最终实现一主多备的架构,需要通过改PG内核来实现:

  1. 这些文件应该是每个实例对应一份。 postgresql.conf, recovery.conf, postmaster.pid, pg_control
  2. hot standby不执行实际的恢复操作,但是需要更新自己的内存状态,如当前的OID,XID等等,以及更新自己的pg_control。
  3. 在多实例间,要实现主到备节点的OS脏页的同步,数据库shared buffer脏页的同步。

模拟过程

不改任何代码,在同一主机下启多实例测试,会遇到一些问题。
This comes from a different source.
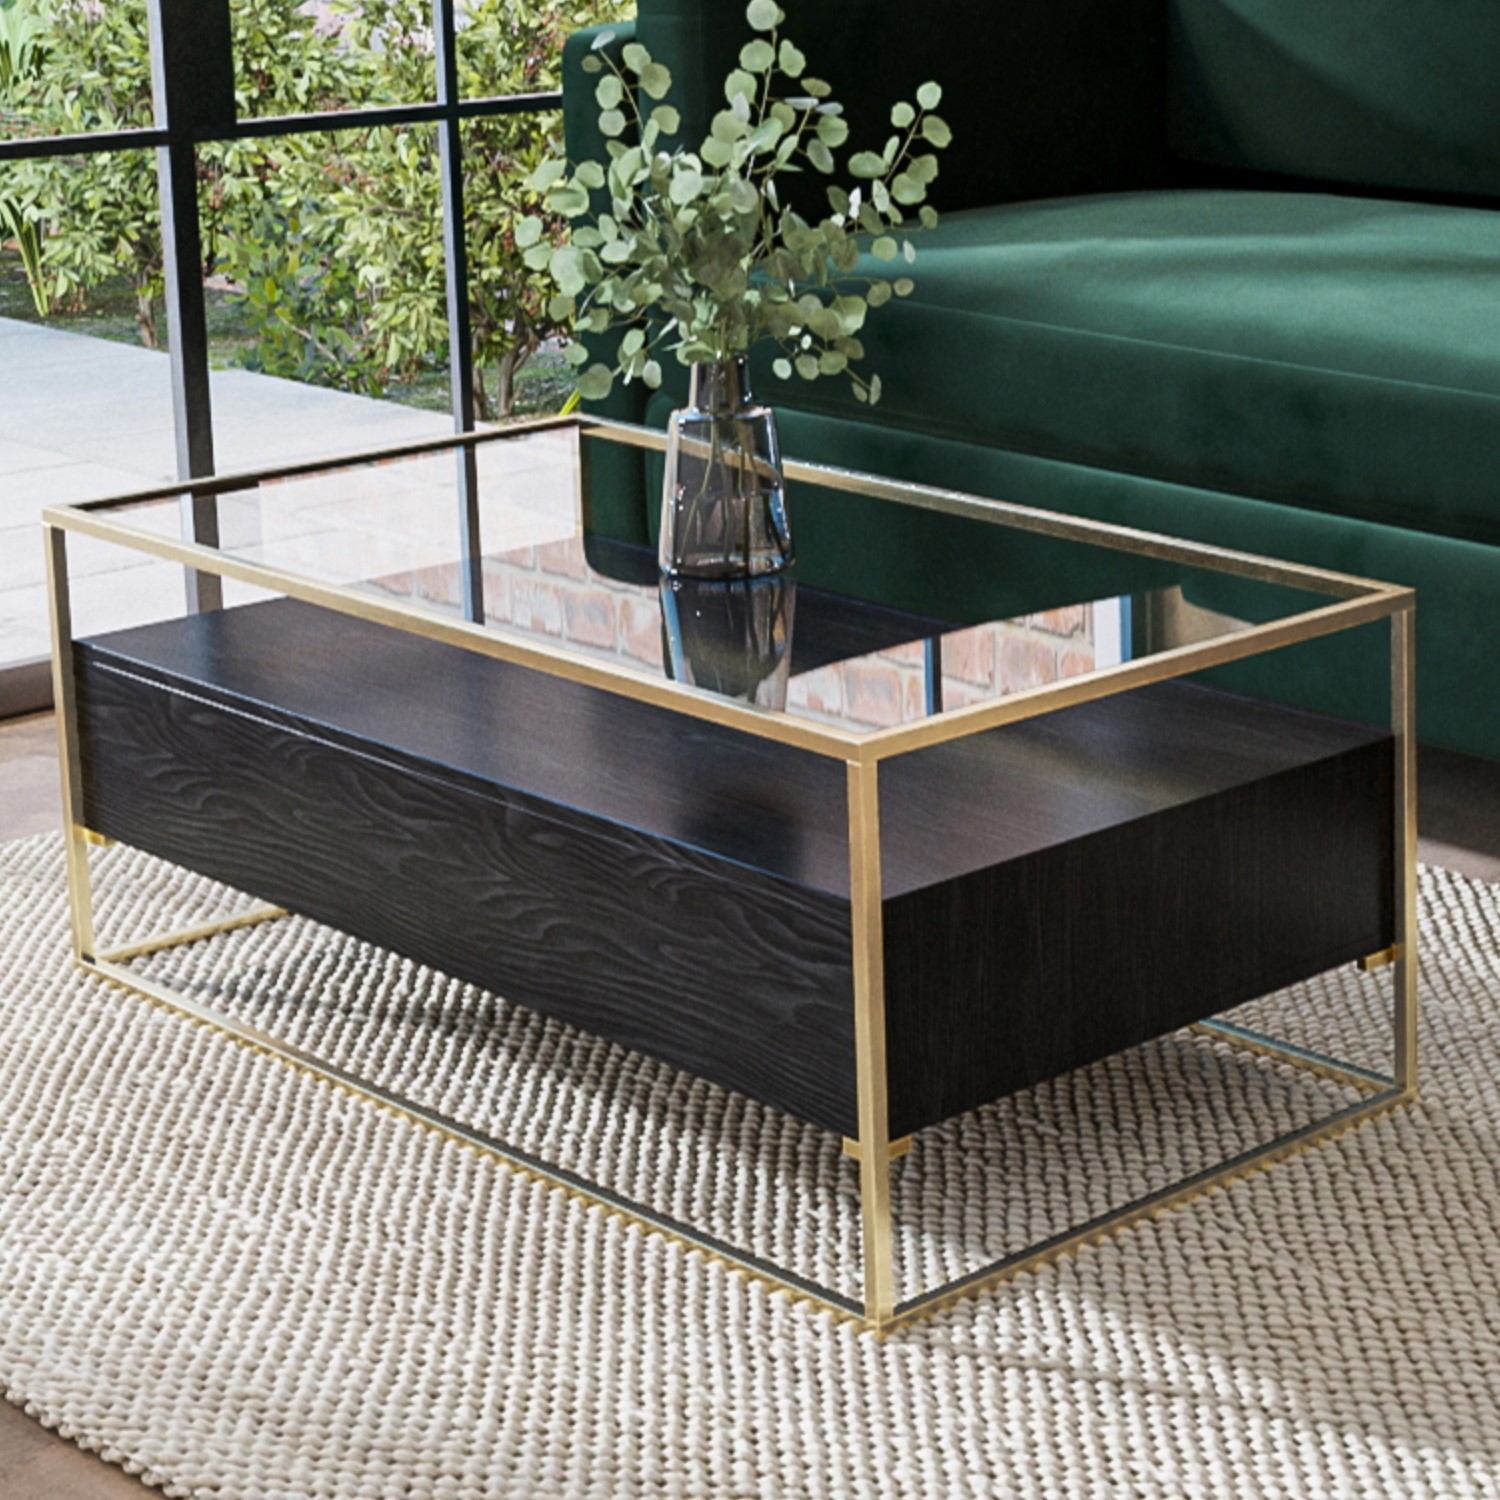 Photo of Large black coffee table with glass top and storage drawers - akila

(后面有问题描述,以及如何修改代码来修复这些问题)

主实例配置文件:

  1. # vi postgresql.conf
  2. listen_addresses='0.0.0.0'
  3. port=1921
  4. max_connections=100
  5. unix_socket_directories='.'
  6. ssl=on
  7. ssl_ciphers='EXPORT40'
  8. shared_buffers=512MB
  9. huge_pages=try
  10. max_prepared_transactions=0
  11. max_stack_depth=100kB
  12. dynamic_shared_memory_type=posix
  13. max_files_per_process=500
  14. wal_level=logical
  15. fsync=off
  16. synchronous_commit=off
  17. wal_sync_method=open_datasync
  18. full_page_writes=off
  19. wal_log_hints=off
  20. wal_buffers=16MB
  21. wal_writer_delay=10ms
  22. checkpoint_segments=8
  23. archive_mode=off
  24. archive_command='/bin/date'
  25. max_wal_senders=10
  26. max_replication_slots=10
  27. hot_standby=on
  28. wal_receiver_status_interval=1s
  29. hot_standby_feedback=on
  30. enable_bitmapscan=on
  31. enable_hashagg=on
  32. enable_hashjoin=on
  33. enable_indexscan=on
  34. enable_material=on
  35. enable_mergejoin=on
  36. enable_nestloop=on
  37. enable_seqscan=on
  38. enable_sort=on
  39. enable_tidscan=on
  40. log_destination='csvlog'
  41. logging_collector=on
  42. log_directory='pg_log'
  43. log_truncate_on_rotation=on
  44. log_rotation_size=10MB
  45. log_checkpoints=on
  46. log_connections=on
  47. log_disconnections=on
  48. log_duration=off
  49. log_error_verbosity=verbose
  50. log_line_prefix='%i
  51. log_statement='none'
  52. log_timezone='PRC'
  53. autovacuum=on
  54. log_autovacuum_min_duration=0
  55. autovacuum_vacuum_scale_factor=0.0002
  56. autovacuum_analyze_scale_factor=0.0001
  57. datestyle='iso,
  58. timezone='PRC'
  59. lc_messages='C'
  60. lc_monetary='C'
  61. lc_numeric='C'
  62. lc_time='C'
  63. default_text_search_config='pg_catalog.english'
  64. # vi recovery.done
  65. recovery_target_timeline='latest'
  66. standby_mode=on
  67. primary_conninfo = 'host=127.0.0.1 port=1921 user=postgres keepalives_idle=60'
  68. # vi pg_hba.conf
  69. local replication postgres trust
  70. host replication postgres 127.0.0.1/32 trust

启动主实例。

  1. postgres@digoal-> pg_ctl start

启动只读实例,必须先删除postmaster.pid,这点PostgreSQL新版本加了一个PATCH,如果这个文件被删除,会自动关闭数据库,所以我们需要注意,不要使用最新的PGSQL,或者把这个patch干掉先。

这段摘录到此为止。